Through a singular aberration, the dismemberment of Turkey and the Turks’ eviction from Europe were being advocated at a time when the idea of the restoration of Russia had not yet been given up, for the various States now detached from the former Russian Empire had not yet been definitely recognised; and among the promoters or supporters of this policy were many defenders of old Russia under a more or less transparent disguise.

Though, from the point of view of European policy, the situation of the two countries widely differed, by dismembering Turkey before the Russian question was settled, at least in its solvable part—viz., with regard to the heterogeneous peoples—the Allies made a mistake of the same kind, or at least of the same magnitude, as the one they had made when they dismembered the Dual Monarchy and yet did not destroy German unity, or rather Prussian hegemony.

Russia had already taken possession of several Turkish territories, and not so long ago she plainly declared she had not given up her ambitious designs on Constantinople.

This open hostility of the Russians toward the Turks is of very long standing.

The first Russian attacks against Turkey, as explained in the early part of this book, date back to 1672. After the victory of Poltava, in 1709, which the next year gave him Livonia, Esthonia, and Carelia, Peter the Great turned against the Turks, the allies of Charles XII, King of Sweden. But Charles XII, who had sought shelter at Bender, in Turkey, after the battle of Poltava, brought over the Grand Vizier Baltaji Mohammed to his views, and induced him to declare war on Turkey. Peter the Great, encircled by the Turks at Hush, between the Pruth and the marshes, was going to capitulate when Catherine I, in order to save him, made peace by bribing the Grand Vizier, who soon after was exiled to Mytilene. The Turks only demanded the restitution of Azov in 1711. In 1732 Peter the Great took from Persia the provinces of Daghestan, Derbend, Shirwan, Mazandaran, and Astrabad. At that time, while Villeneuve was ambassador at Constantinople (1728-41) and Austria and Russia began to turn greedy eyes on Turkey, France declared “the existence of Turkey was necessary to the peace of Christendom,” and later on Choiseul-Gouffier, who was the French king’s last ambassador from 1784 to 1792, strove to save the Turks from the ambitious designs of Catherine II.

Catherine, taking advantage of the intrigues carried on in the Morea with two Greeks, Papas-Oghlou and Benaki, dispatched a fleet to the Mediterranean to bring about a Greek rising against Turkey; the Ottoman fleet which sought shelter at Tchesmé, on the coast of Asia Minor, was burnt by Russian fireships on July 7, 1770.

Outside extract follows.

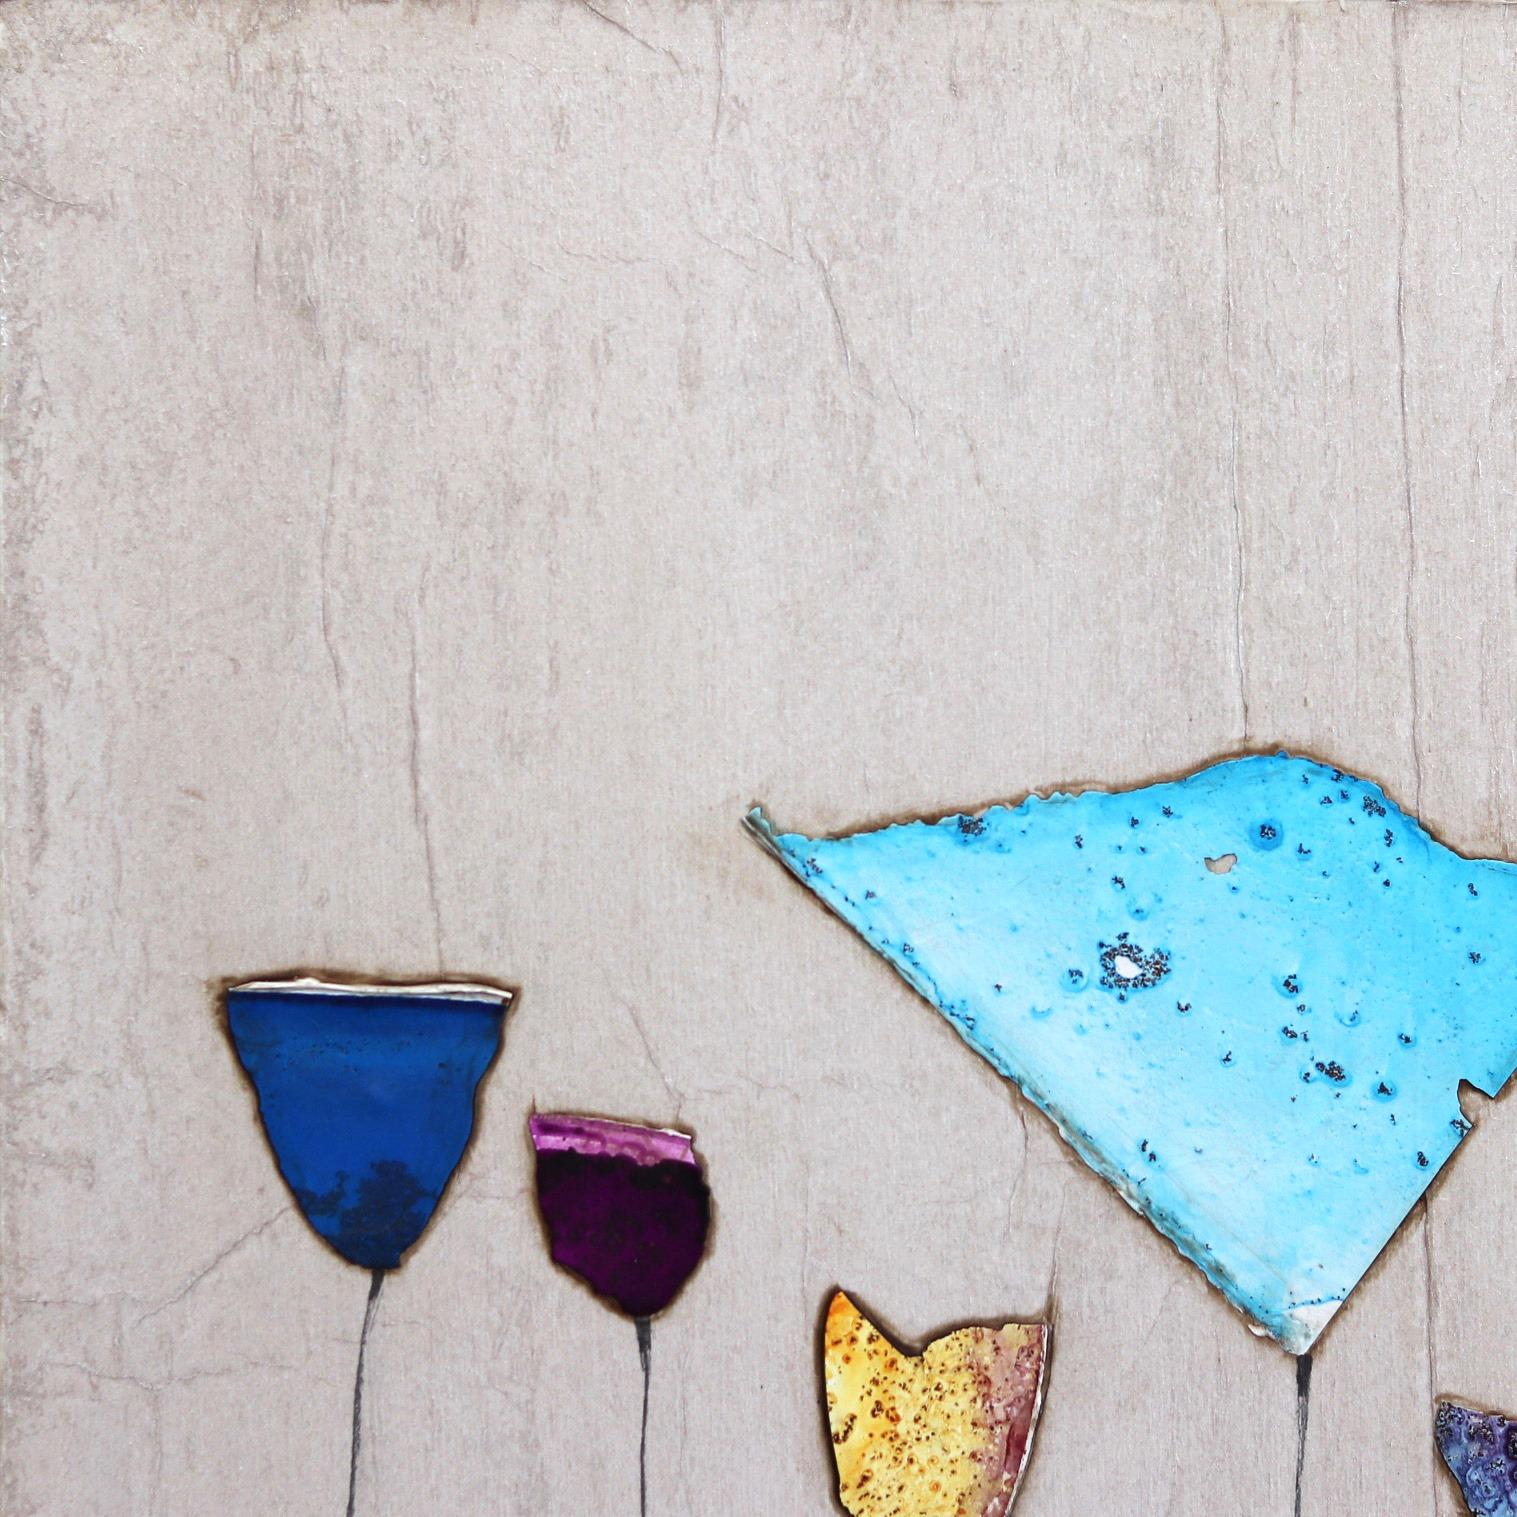 Die organische Ästhetik und die Texturen von Peter Kuttners originellen minimalistischen Boho-Kunstwerken sind das Ergebnis geduldiger Überlagerung und origineller Verwendung von Medien. Durch die Kombination von Farbe und Collage ist Kuttner in der

After the 1770-74 war, the Porte, which was Poland’s ally, lost Bukovina and Lesser Tatary, whose independence was recognised by the treaty of Kuchuk-Kainarji on July 21, 1774, but which became a Russian province in 1783. The treaty of Kuchuk-Kainarji ceded Kinburn and Yenikale to Russia, left to the Christians the principalities lying to the north of the Danube, and guaranteed the Orthodox Greeks’ liberty under the patronage of the Russian ambassador at Constantinople. Catherine II also compelled the Turks by the same treaty not to defend the independence of Poland, threatened by Russia with the complicity of the Great Powers, and to give her a right of intervention in their home affairs. The Tatars of the Crimea and Kuban, detached from Turkey, soon after fell under the Russian sway, in 1783. The Sultan even had to sign a treaty granting a right of free navigation in the Black Sea and in the rivers of his empire.

About the same time the European Powers began to interfere in Turkey: that was the beginning of the “Eastern question.” In opposition to the Austro-Russian alliance of Catherine and Joseph II, England, dissatisfied with Russia’s attitude in the American War of Independence, and wishing to find allies in Germany to counterbalance Russian influence in Europe, concluded an alliance with Prussia, Sweden, Poland, and Turkey. The death of Frederic II soon put an end to this coalition, and Russia’s unfriendly attitude, her encroachments in Caucasus, and her territorial claims in Bessarabia, compelled Turkey on August 16, 1787, to declare war on Catherine, and Joseph II entered into the war in 1788. The Austrians took Khotin; the Turkish fleet was destroyed at Otchakov; Belgrade fell on October 8, 1789. Then Leopold, Joseph II’s brother, left the Turks and made peace with Turkey at Sistova on August 4, 1791. The Russians, who had defeated the Turks at Machin, were about to invade the Empire when, as a result of the intervention of England and Prussia, a treaty of peace was signed at Jassy, by which the Dniester became the new frontier between the two States. Thus Russia, who owing to the perturbed state of Europe was preparing to dismember Poland, was compelled to give up her dream of restoring the Byzantine Empire.